PAD-L7-intro to Stats-2025-LJ Flashcards
(24 cards)
What is the main question addressed in the bullet hole pattern analysis during WWII?
How to minimize damage to bombers by identifying sensitive areas
The analysis focused on reinforcing areas that were not shot at on returning planes.
What is survivorship bias?
The error of focusing on the survivors or successful cases while ignoring those that did not survive or succeed
This can lead to incorrect conclusions about the data.
What are the three key take-home messages from the introduction?
- Understand what question you want to address
- Understand what data you need to answer a question
- Understand what data you have and how reliable it is
What is a variable?
Something that takes on different values that can be measured or counted
What are the two main categories of variables?
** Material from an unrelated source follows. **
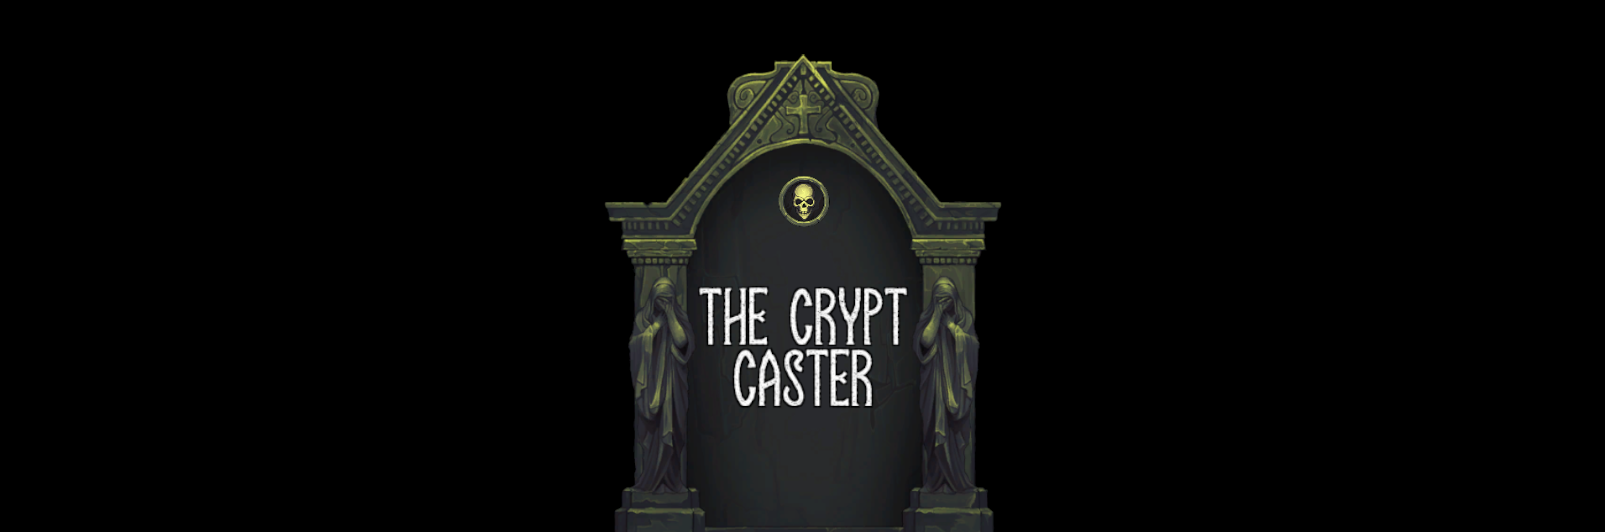 The Crypt Caster

- Numerical (quantitative)
- Categorical (qualitative)
What are the five types of variables?
- Binary
- Nominal
- Ordinal
- Discrete
- Continuous
What is descriptive statistics?
Describing and summarizing data
How is the mean calculated?
Add the values of a set of observations together and divide by the number of observations
What is the median?
The exact middle value in a sorted list of observations
When is the median preferred over the mean?
When dealing with skewed distributions or data with outliers
What is the mode?
The value that occurs most frequently in a dataset
What are the methods to measure variability?
- Variance
- Standard deviation
- Range
- Interquartile range (IQR)
What does variance measure?
The extent to which each observation deviates from the mean
What is the standard deviation?
The square root of the variance, representing the average of the deviations of observations from the mean
How is the range defined?
The difference between the largest and smallest observation
What is a percentile?
A value indicating the percent of a distribution that is equal to or below it
What is the Interquartile Range (IQR)?
The difference between the 75th percentile and the 25th percentile
What is the purpose of visualizing data with plots?
To provide summary pictures that spot patterns, trends, and anomalies in data
What is a histogram used for?
To plot the distribution of a numeric variable
What characterizes a normal distribution?
It is symmetric and evenly distributed about the mean
What are boxplots used for?
To compare groups of continuous data
What do scatter diagrams illustrate?
The relationship between two continuous variables
What is the significance of the second quartile in a boxplot?
It represents the median of the data
What is the next topic to be covered after descriptive statistics?
Formulating a hypothesis